§ **Assignment**: What is needed is an exact copy of the lines in the entries below from the one holding "A family with luggage walks by a taxi cab." through the one holding "A Danish sofa", pictures excluded.

§ **Recorded information**:
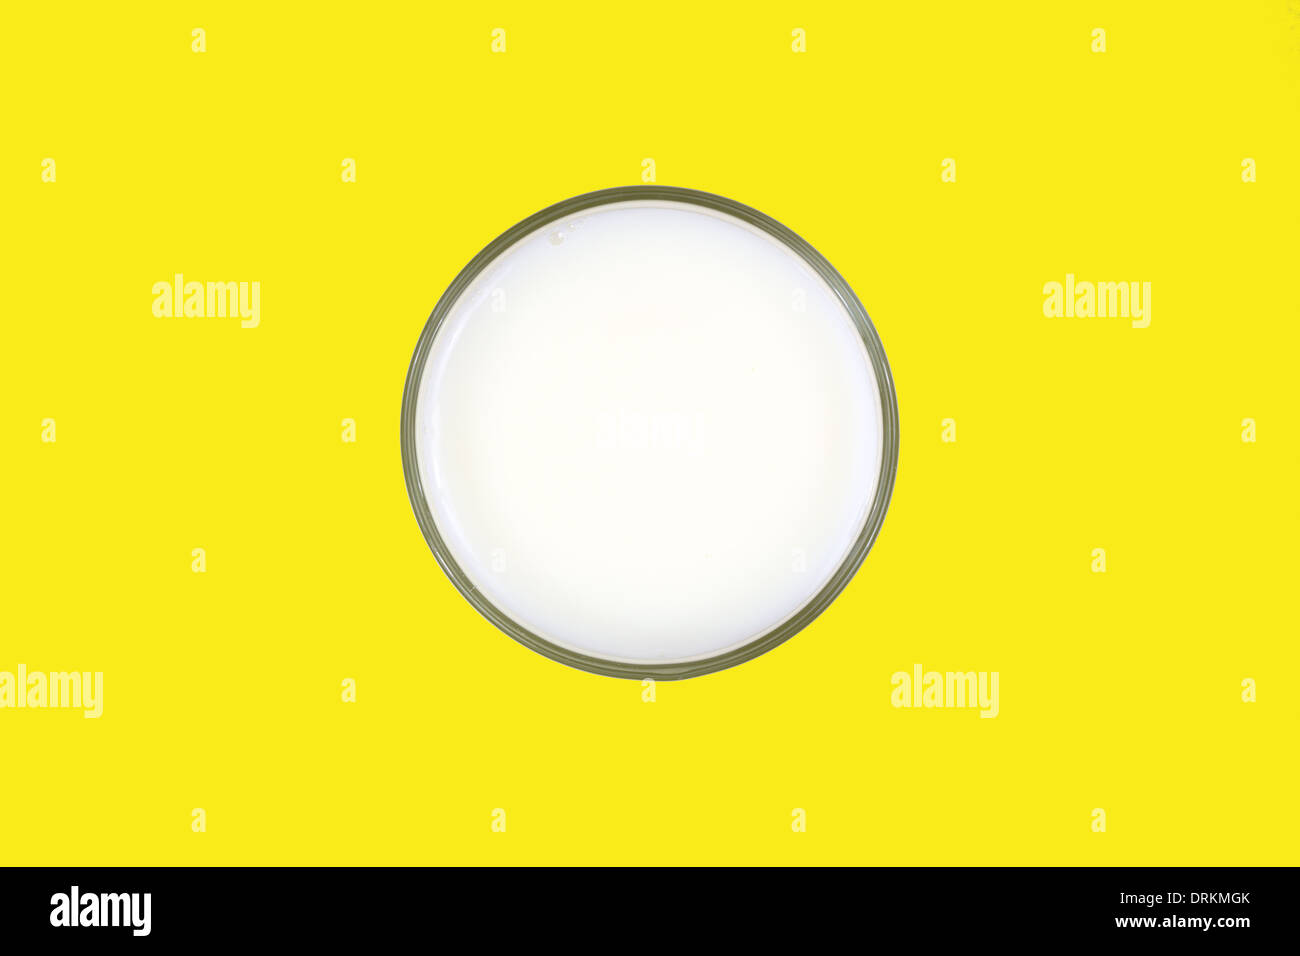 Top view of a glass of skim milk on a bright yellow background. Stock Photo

* * *

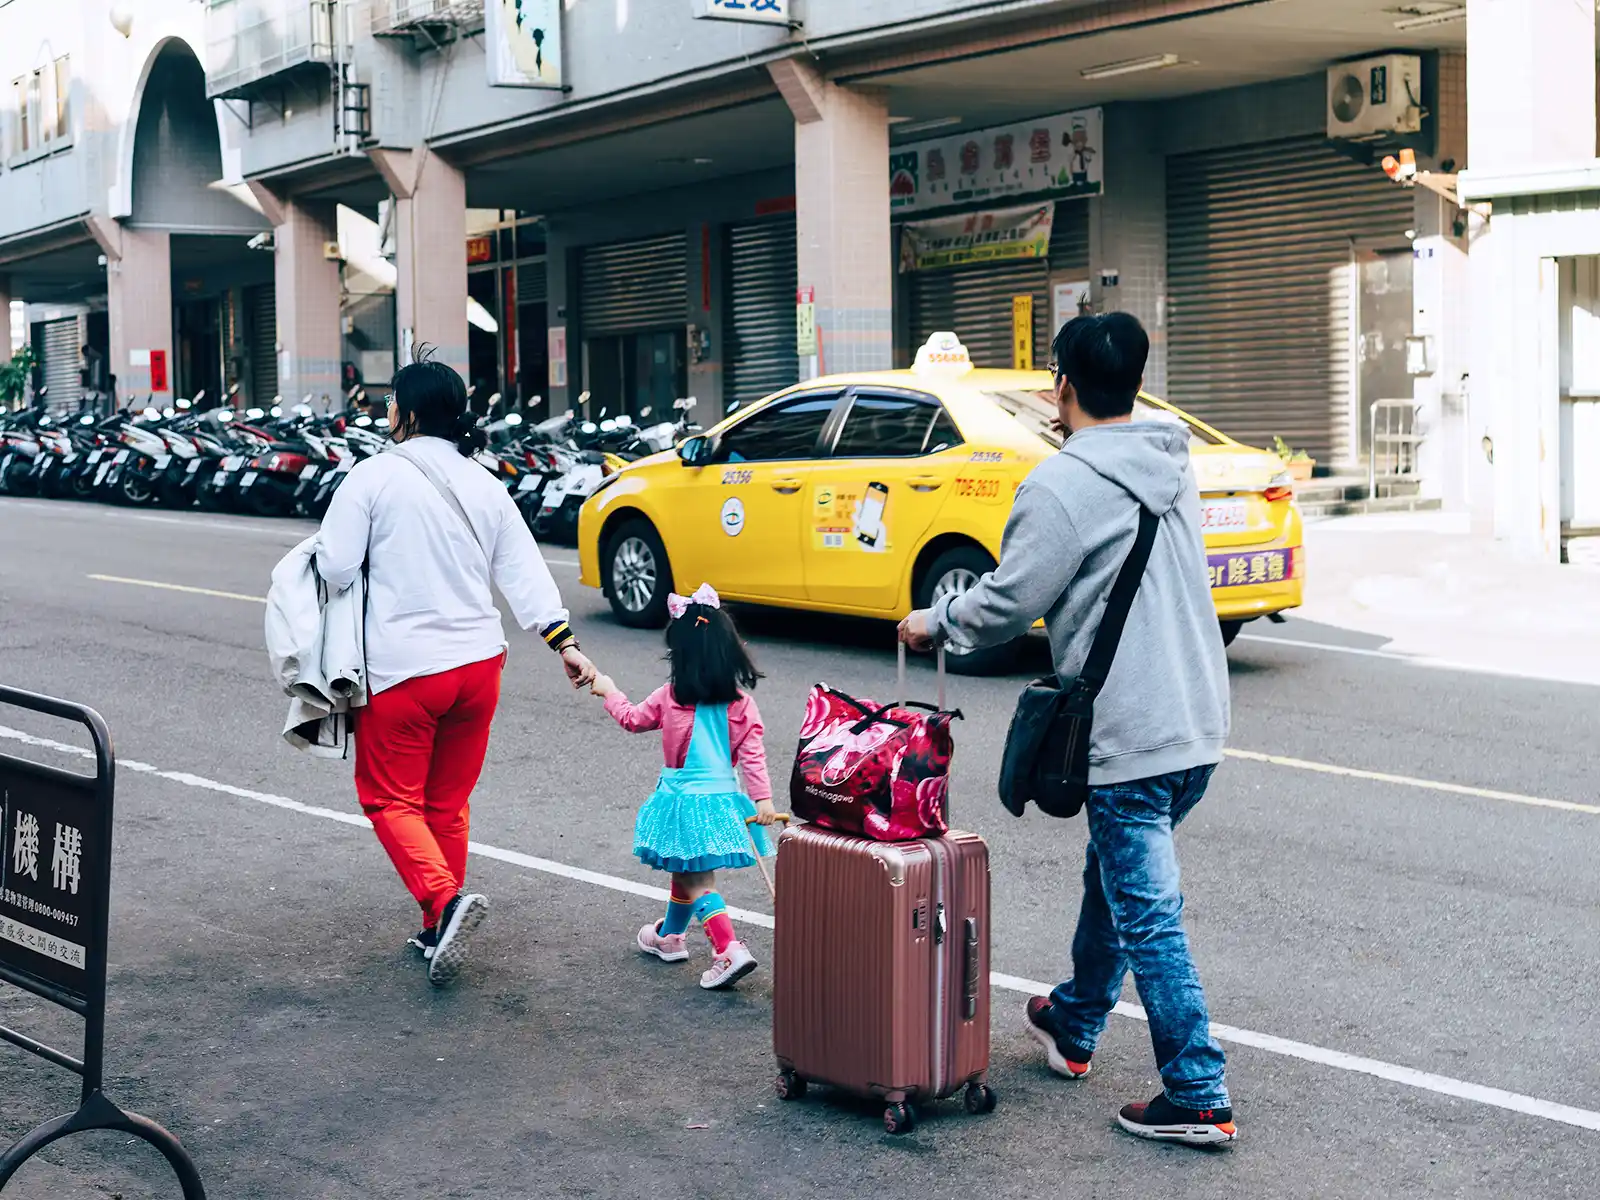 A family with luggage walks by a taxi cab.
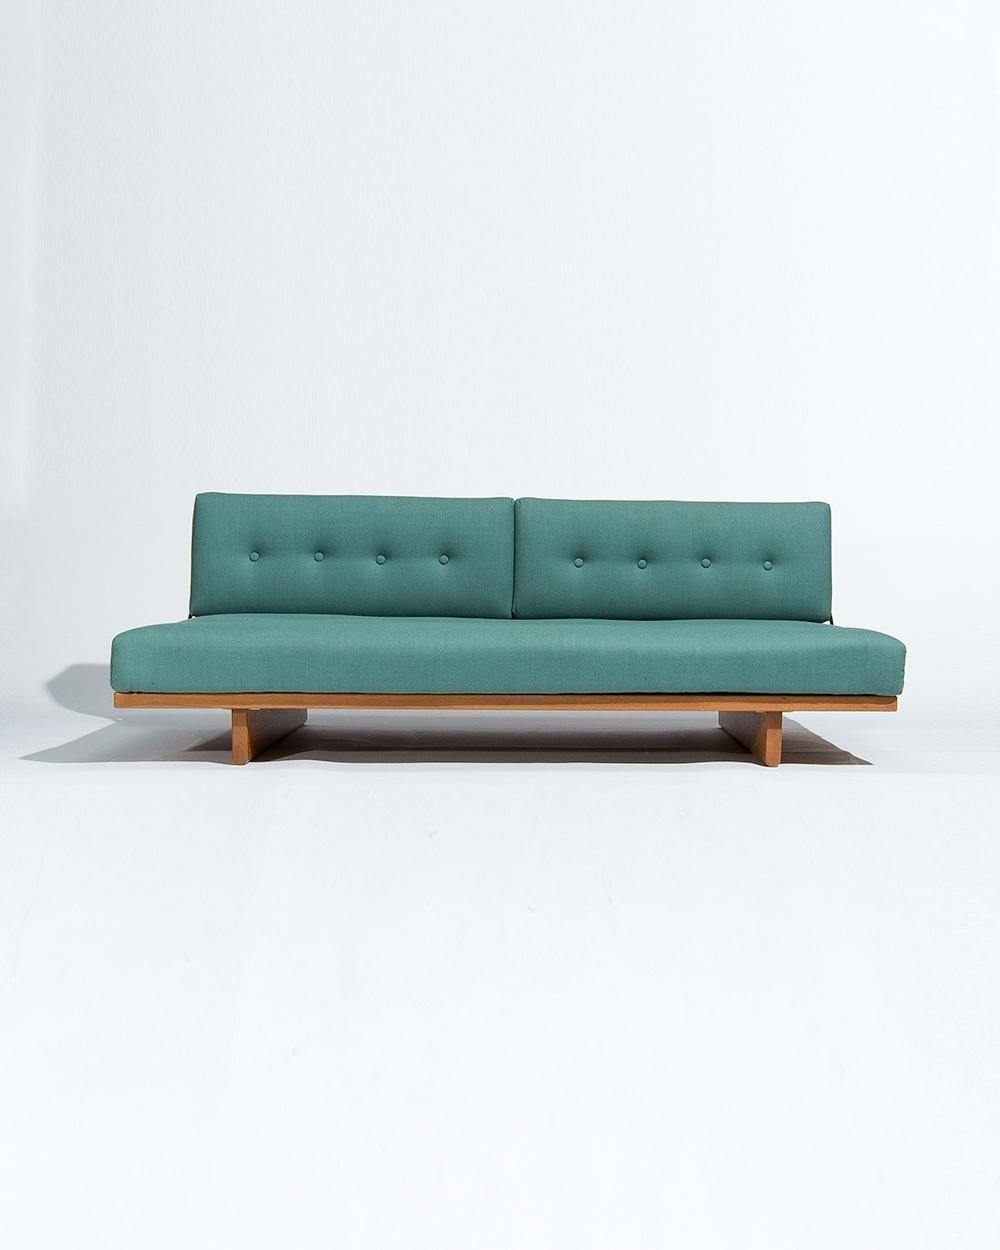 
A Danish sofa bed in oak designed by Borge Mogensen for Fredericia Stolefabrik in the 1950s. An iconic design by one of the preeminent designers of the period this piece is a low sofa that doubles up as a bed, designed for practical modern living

§ **Result of this exercise**:
 A family with luggage walks by a taxi cab.
A Danish sofa bed in oak designed by Borge Mogensen for Fredericia Stolefabrik in the 1950s. An iconic design by one of the preeminent designers of the period this piece is a low sofa that doubles up as a bed, designed for practical modern living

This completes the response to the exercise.